Prostate cancer (PCa) is the second most diagnosed cancer in men and ranked fifth in overall cancer diagnosis. During the past decades, it has arisen as a significant life-threatening disease in men at an older age. At the early onset of illness when it is in localized form, radiation and surgical treatments are applied against this disease. In case of adverse situations androgen deprivation therapy, chemotherapy, hormonal therapy, etc. are widely used as a therapeutic element. However, studies found the occurrences of several side effects after applying these therapies. In current work, several immunoinformatic techniques were applied to formulate a multi-epitopic vaccine from the overexpressed antigenic proteins of PCa. A total of 13 epitopes were identified from the five prostatic antigenic proteins (PSA, PSMA, PSCA, STEAP, and PAP), after validation with several in silico tools. These epitopes were fused to form a vaccine element by (GGGGS)₃ peptide linker. Afterward, 5, 6-dimethylxanthenone-4-acetic acid (DMXAA) was used as an adjuvant to initiate and induce STING-mediated cytotoxic cascade. In addition, molecular docking was performed between the vaccine element and HLA class I antigen with the low ACE value of −251 kcal/mol which showed a significant binding. Molecular simulation using normal mode analysis (NMA) illustrated the docking complex as a stable one. Therefore, this observation strongly indicated that our multi epitopes bases peptide vaccine molecule will be an effective candidate for the treatment of the PCa.

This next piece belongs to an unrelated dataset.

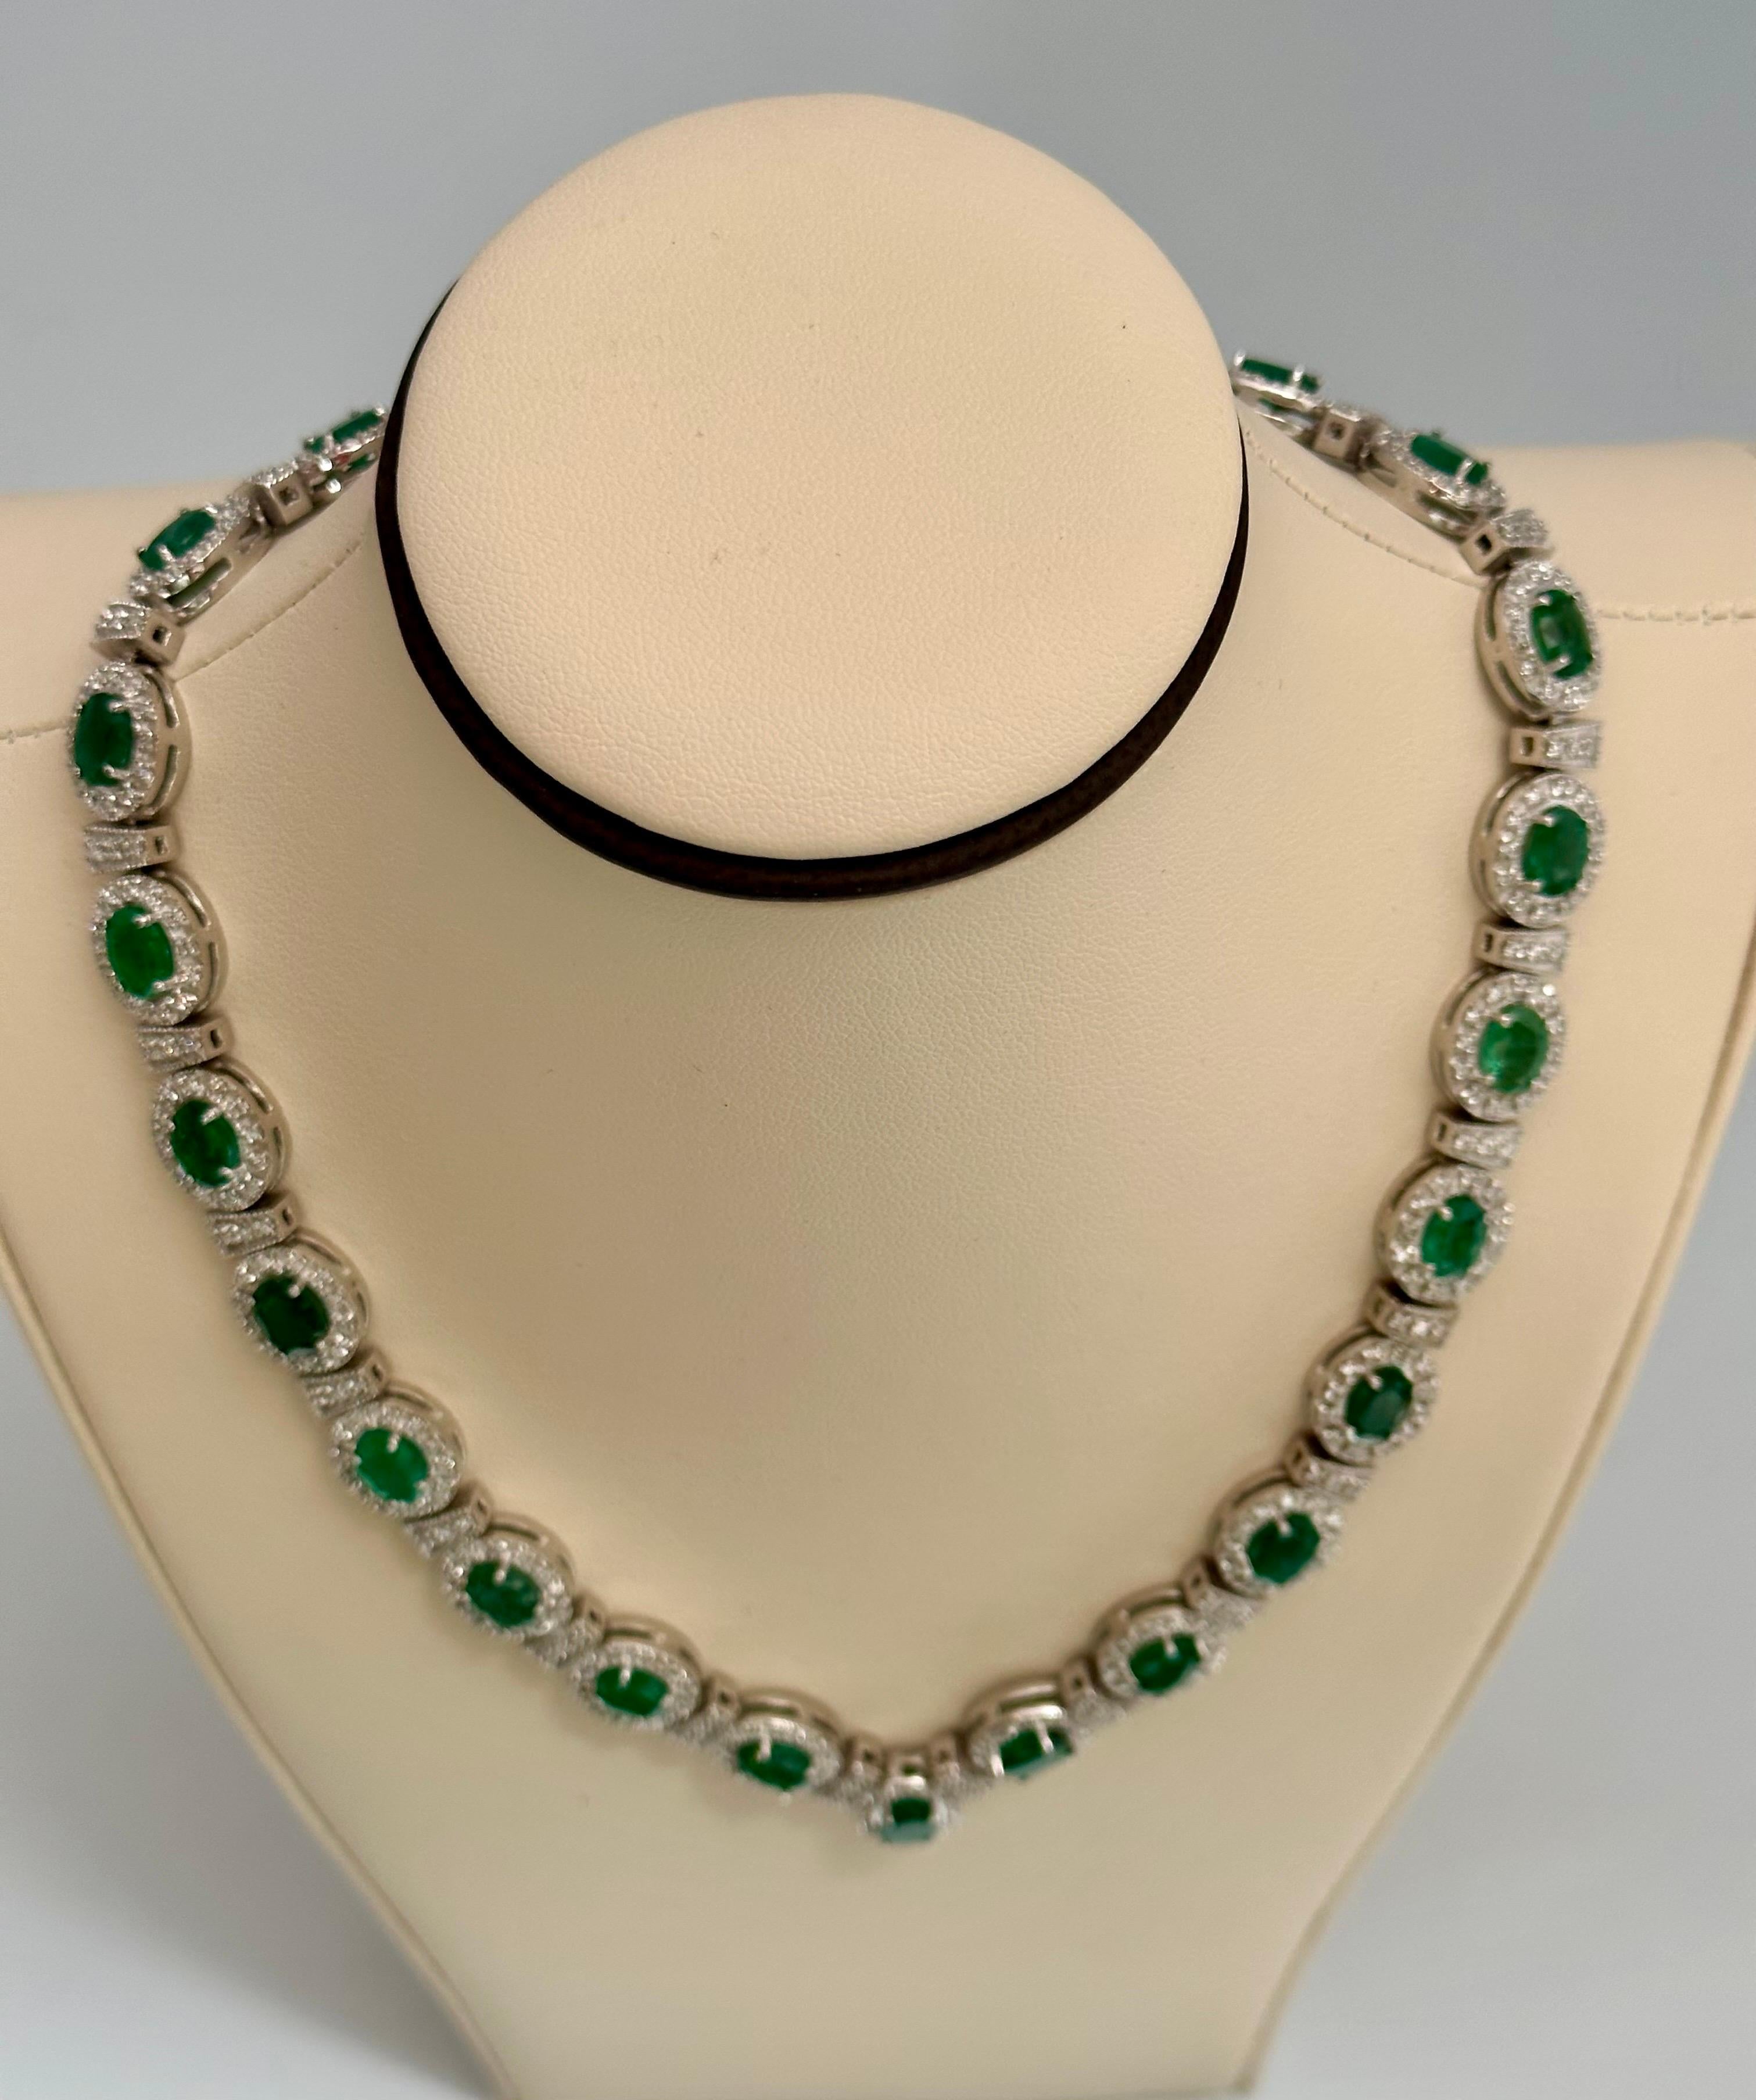 28 Carat Oval Shape Natural Emerald & 5 Carat Diamond Necklace in 14 Karat Gold For Sale 5

前列腺癌（PCa）是男性中诊断第二多的癌症，在整体癌症诊断中排名第五。在过去的几十年中，它已成为老年男性中一种严重的威胁生命的疾病。在疾病以局部形式出现的早期发作时，对这种疾病进行放射和外科治疗。在不利情况下，雄激素剥夺疗法，化学疗法，激素疗法等被广泛用作治疗成分。但是，研究发现，应用这些疗法后会出现多种副作用。在当前的工作中，几种免疫信息学技术被用于从过表达的PCa抗原蛋白中配制多表位疫苗。从五个前列腺抗原蛋白（PSA，PSMA，PSCA，STEAP和PAP）中总共鉴定出13个表位，经过几个in silico工具验证后。这些表位通过（GGGGS）融合形成疫苗元件_3个肽接头。之后，使用5，6-二甲基黄嘌呤酮-4-乙酸（DMXAA）作为佐剂来引发和诱导STING介导的细胞毒性级联反应。此外，在疫苗元件和HLA I类抗原之间进行了分子对接，其ACE值为-251 kcal / mol，具有很强的结合力。使用正态模式分析（NMA）进行的分子模拟表明，对接复合物是一种稳定的复合物。因此，该观察结果强烈表明我们的多表位碱基肽疫苗分子将是治疗PCa的有效候选者。